= Processing instruction =

Node type in SGML and XML

A processing instruction (PI) is an SGML and XML node type, which may occur anywhere in a document, intended to carry instructions to the application.

Processing instructions are exposed in the Document Object Model as Node.PROCESSING_INSTRUCTION_NODE, and they can be used in XPath and XQuery with the 'processing-instruction()' command.

== Syntax ==
An SGML processing instruction is enclosed within <? and >.

An XML processing instruction is enclosed within <? and ?>, and contains a target and optionally some content, which is the node value, that cannot contain the sequence ?>.

<?PITarget PIContent?>

The XML Declaration at the beginning of an XML document (shown below) is another example of a processing instruction, however it may not technically be considered one.
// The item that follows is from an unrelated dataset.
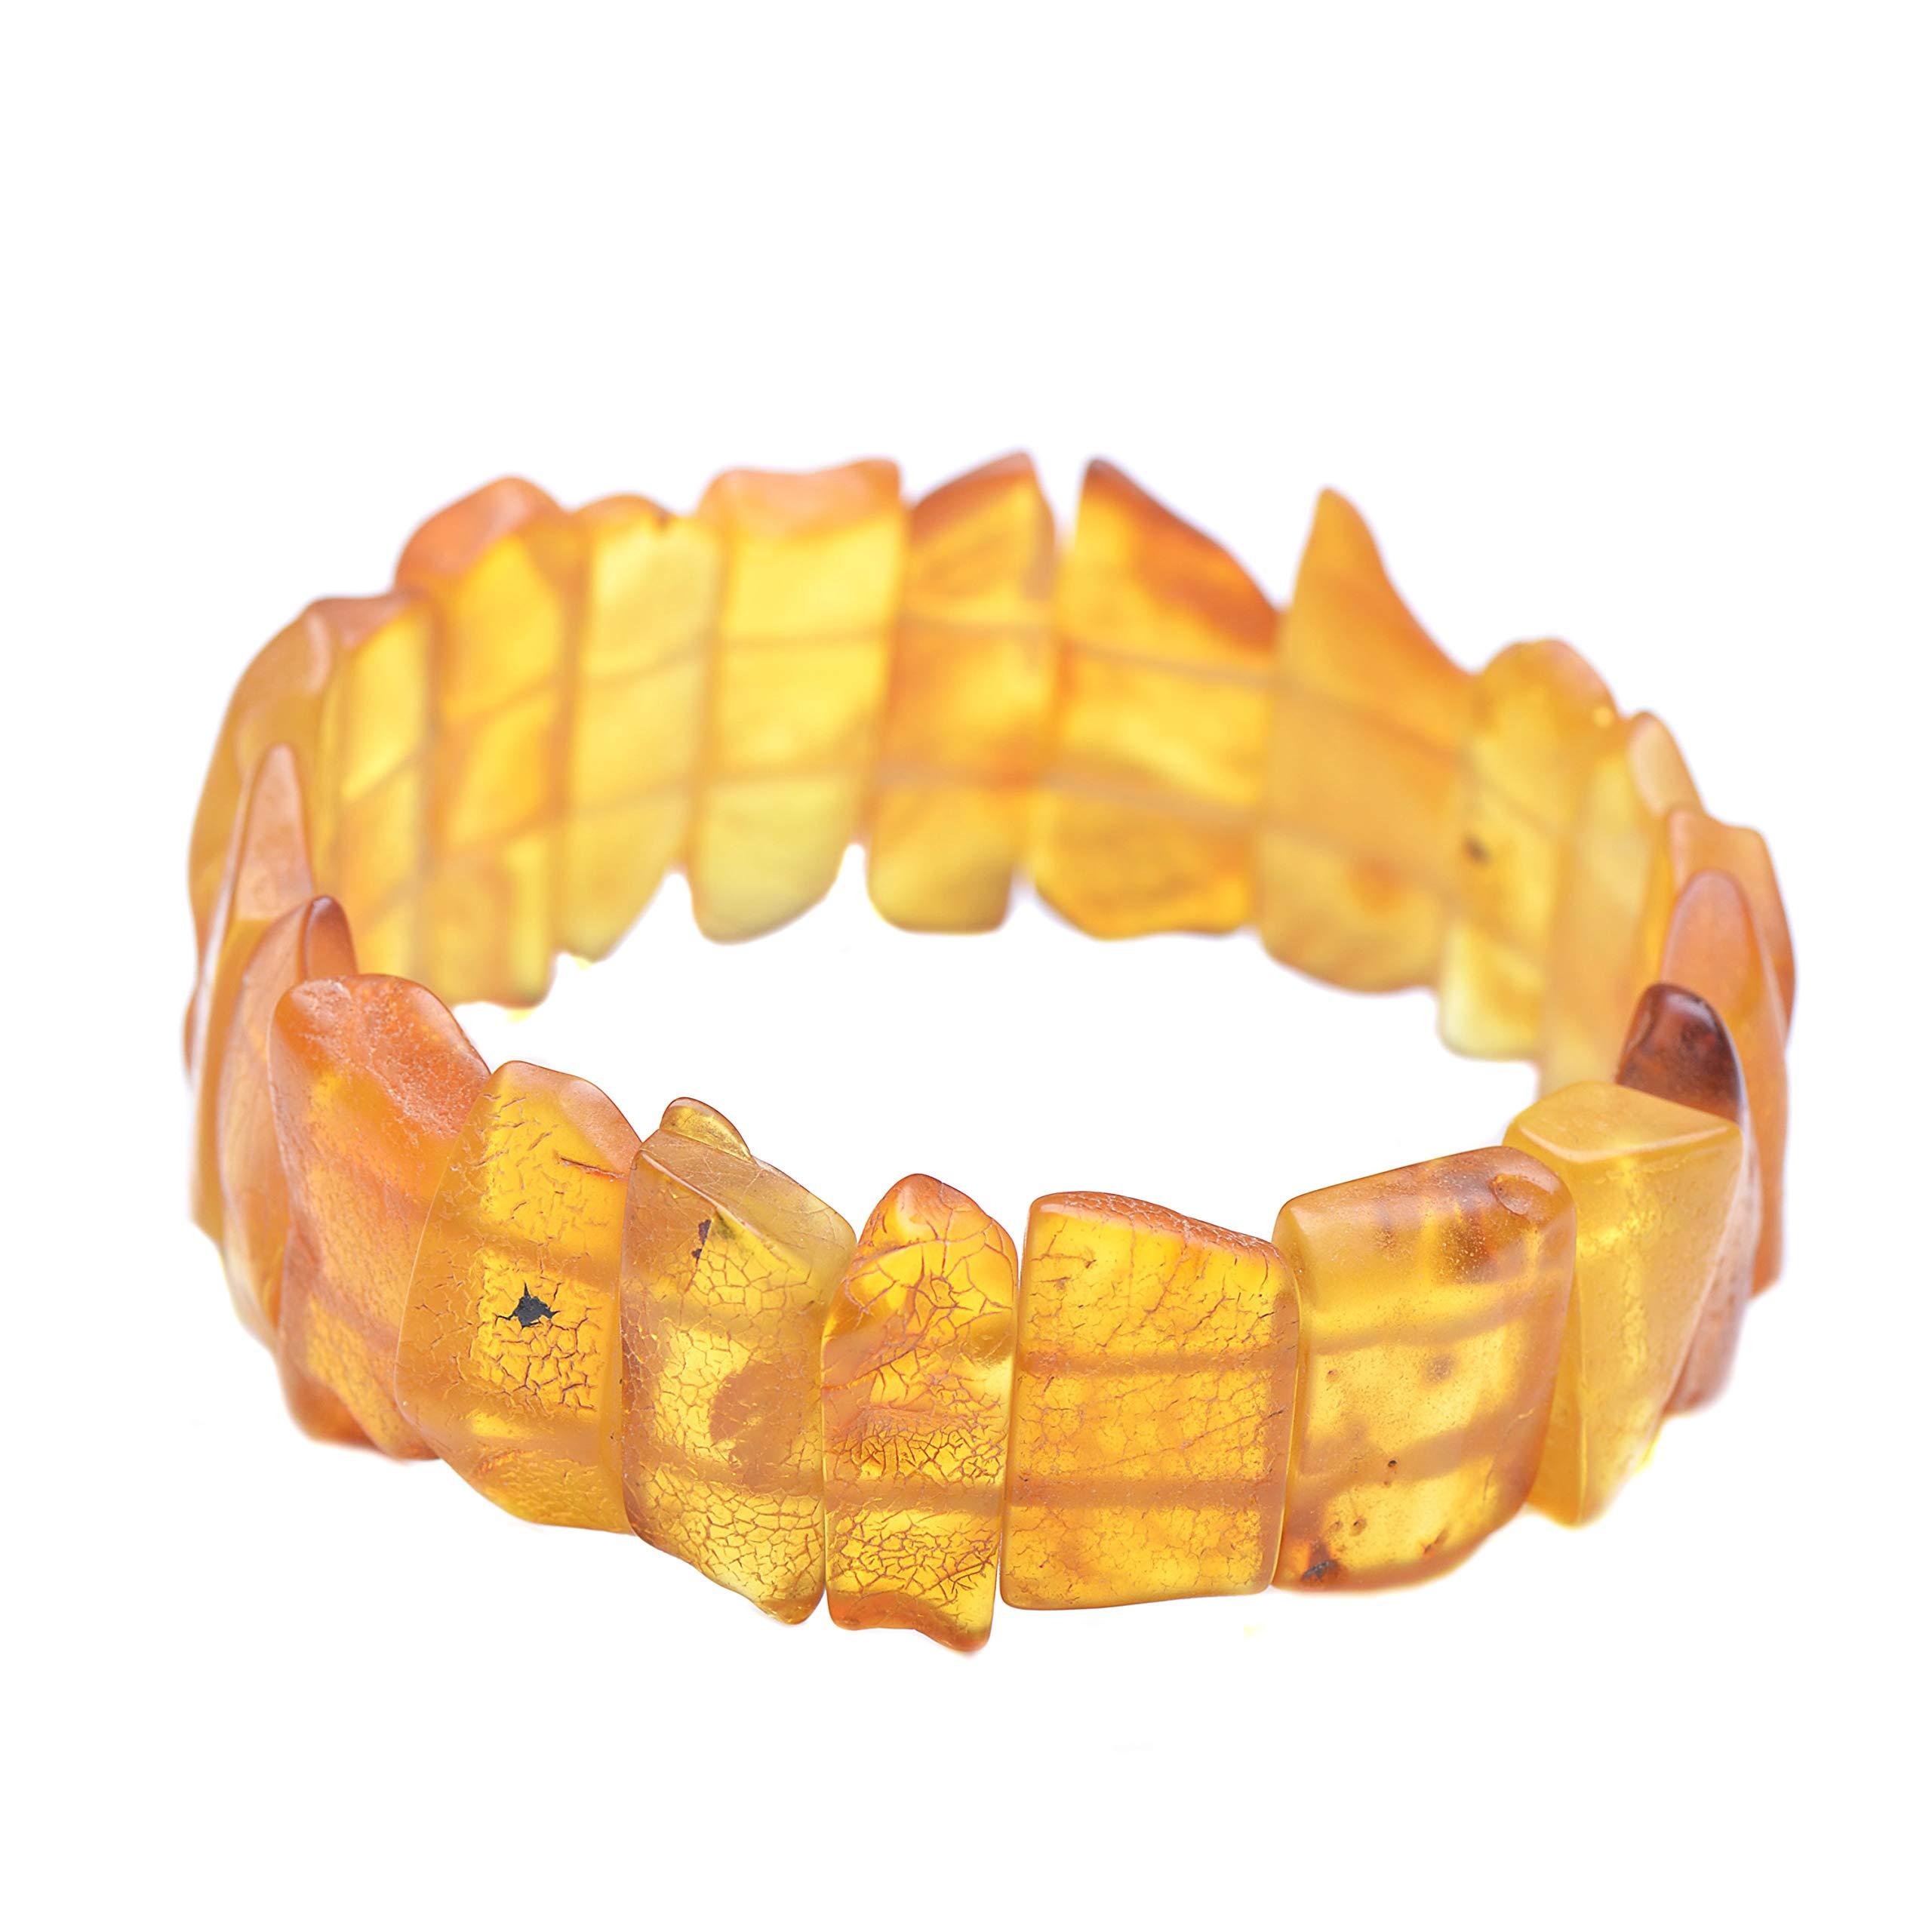 Amber Bracelet - Unique Amber Bracelet - Handmade Amber Jewelry - Baltic Amber Bracelet by Genuine Amber (Image #3)

<?xml version="1.0" encoding="UTF-8" ?>

== Examples ==
The most common use of a processing instruction is to request the XML document be rendered using a stylesheet using the 'xml-stylesheet' target, which was standardized in 1999. It can be used for both XSLT and CSS stylesheets.

<?xml-stylesheet type="text/xsl" href="style.xsl"?>

<?xml-stylesheet type="text/css" href="style.css"?>

The DocBook XSLT stylesheets understand a number of processing instructions to override the default behaviour.

A draft specification for Robots exclusion standard rules inside XML documents uses processing instructions.